On the authority of humanistic psychologist Abraham Maslow, the people’s actions are impelled in order to achieve particular needs. Maslow established his conception in a form of needs’ hierarchy. This hierarchy depicts that people are impelled to accomplish fundamental needs before progressing to other, more advanced needs. The most fundamental needs create the lowest levels of the hierarchy, while the most complex needs are placed at the top of the pyramid. As people advance up the pyramid, their requirements become progressively social and psychological. In fact, the need for friendship, intimacy and love becomes more essential. Then, the requirements of self-esteem and feelings of accomplishment rank in priority. Maslow underlined the importance of self-actualization, which is a process of growing and developing as a person in order to achieve individual potential. Maslow’s hierarchy of needs encompasses five levels. Physiological needs incorporate the most fundamental needs that are imperative to endurance, including the need for air, water, nutrition, and sleep. Security needs encompass demands for safety and security, including a desire for stable employment, health care, and shelter from the environment. Social needs encompass needs for belonging, love, and affection. These requirements of companionship and acceptance can be accomplished with the help of such relationships as friendship, romantic attachments, and families. Esteem needs become increasingly crucial after the satisfaction of the first three needs due to the fact that these requirements incorporate the need for things that reflect personal worth, social recognition, self-esteem, and accomplishment. Self-actualizing need is the highest level of hierarchy of needs. Self-actualizing people are self-conscious, engaged in individual development, less interested in the opinions of others, and concerned with realization of their opportunities.

From a biological point of view, individuality development is considered to be principally subjected by the biological growth and development of the person. Biological factors, such as hormones and brain structure, affect the behavior. Genes control the development of nervous and endocrine systems, which in turn control behavior. Therefore, the genes do not have the downright control over the individual characteristics and habits, but they do play a role in affecting behavior. Complex human behavior is not defined by single genes. The impact of biology on behavior is also detected by the occurrence of temperament, or innate individual character. Any parent can confirm that children are born already having protomorphic individual inclinations. Some children have moderate inclinations while others are more solicitous and apoplectic. These innate individual inclinations (temperaments) are supposed to be greatly affected by genetic aspects in some degree cognate to the way eye and hair colorations are genetically preconditioned.

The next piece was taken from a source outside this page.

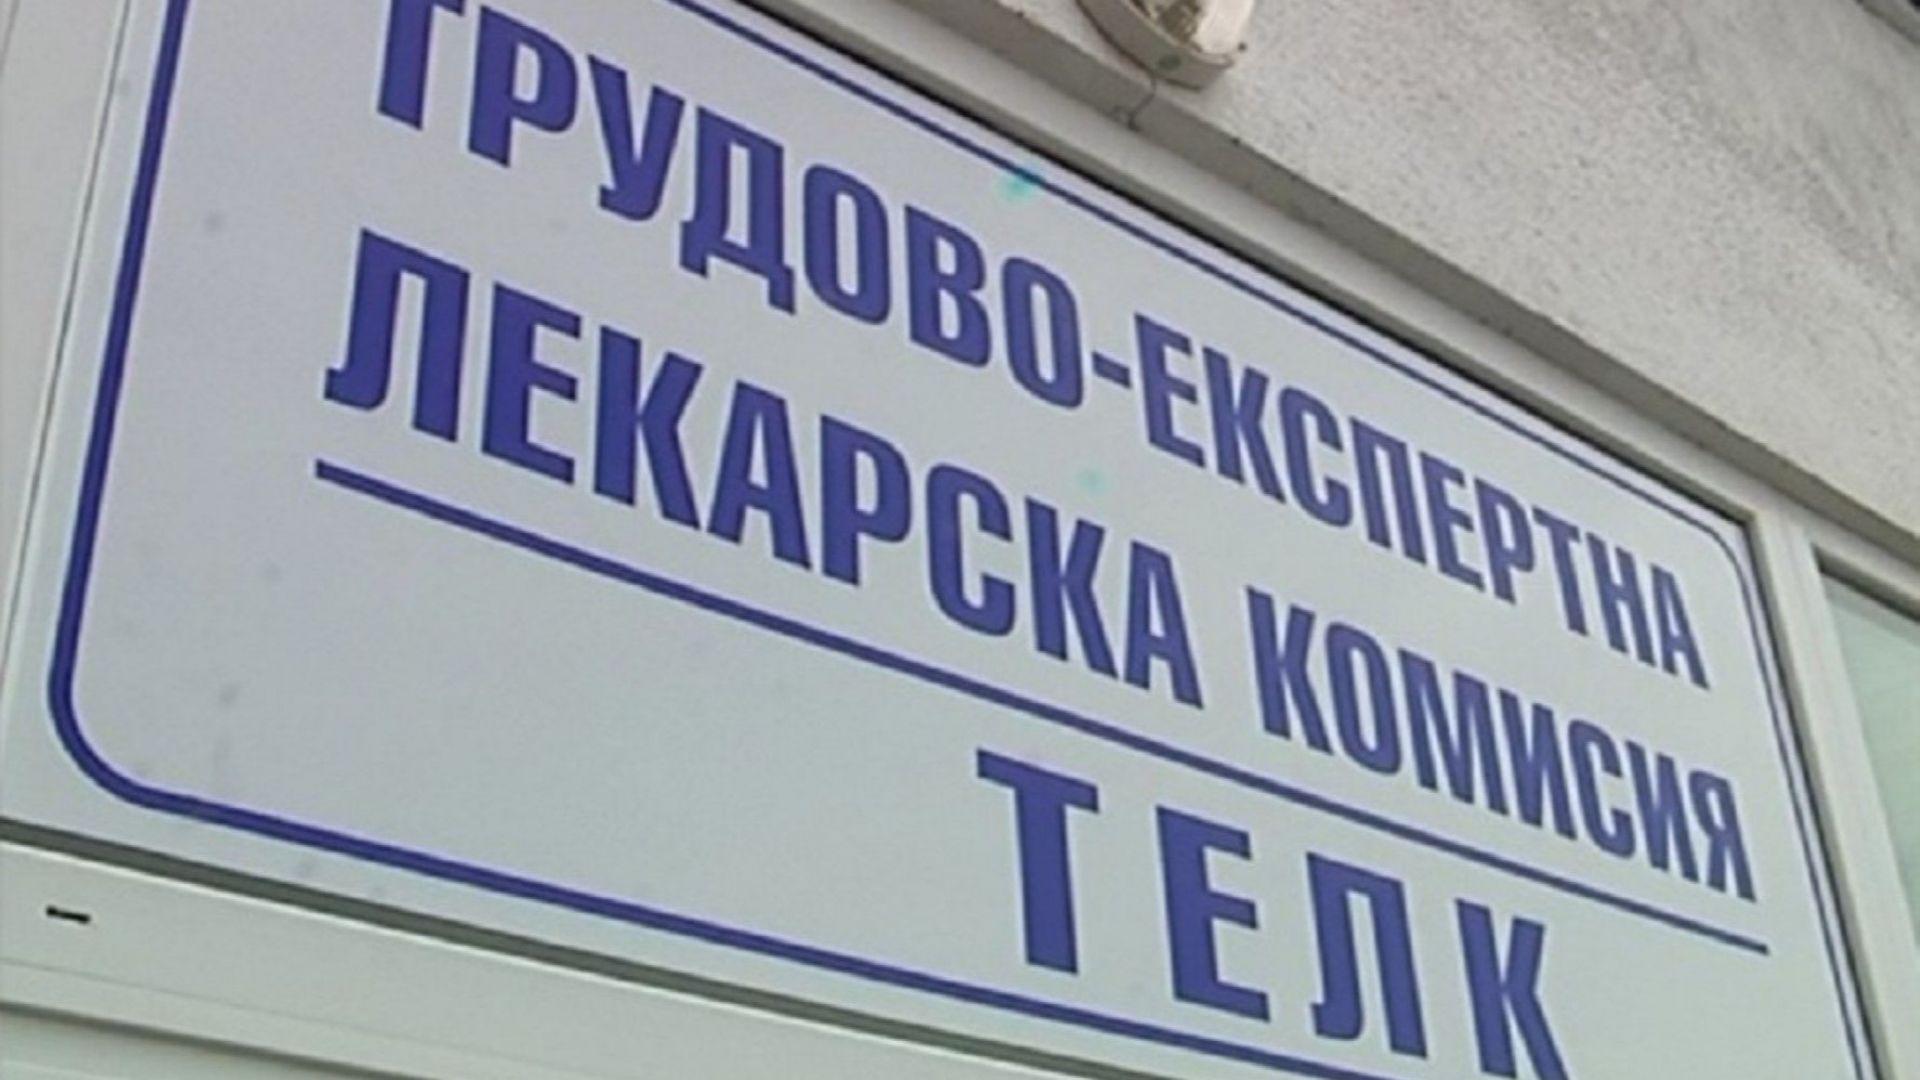 Удължават решенията за ТЕЛК и НЕЛК до 30 юли

In Maslow’s conception, the biological requirements encompassing the nutrition and accommodation are to be met. The Maslow’s theory and the psychological requirements may be equated with the biological needs of the human being. The biological component is the one, which includes the requirements to get rid of sensations of hunger and thirst combined together with the needs of the Maslow’s theory. When the psychological aspect or the requirements are fulfilled, then the biological component stops to be the stimulating force. These needs are expressed by love, dependence on other human being and belonging to a particular society. The accomplishment of the esteem needs makes the person optimistic, which helps to control oneself and be successful. The self-actualization is the highest need in the hierarchy of needs and as such, it is directed towards the meaning and the purpose of life. The biological factors pertain to the Maslow’s theory owing to these components viewed in the light of theory of needs.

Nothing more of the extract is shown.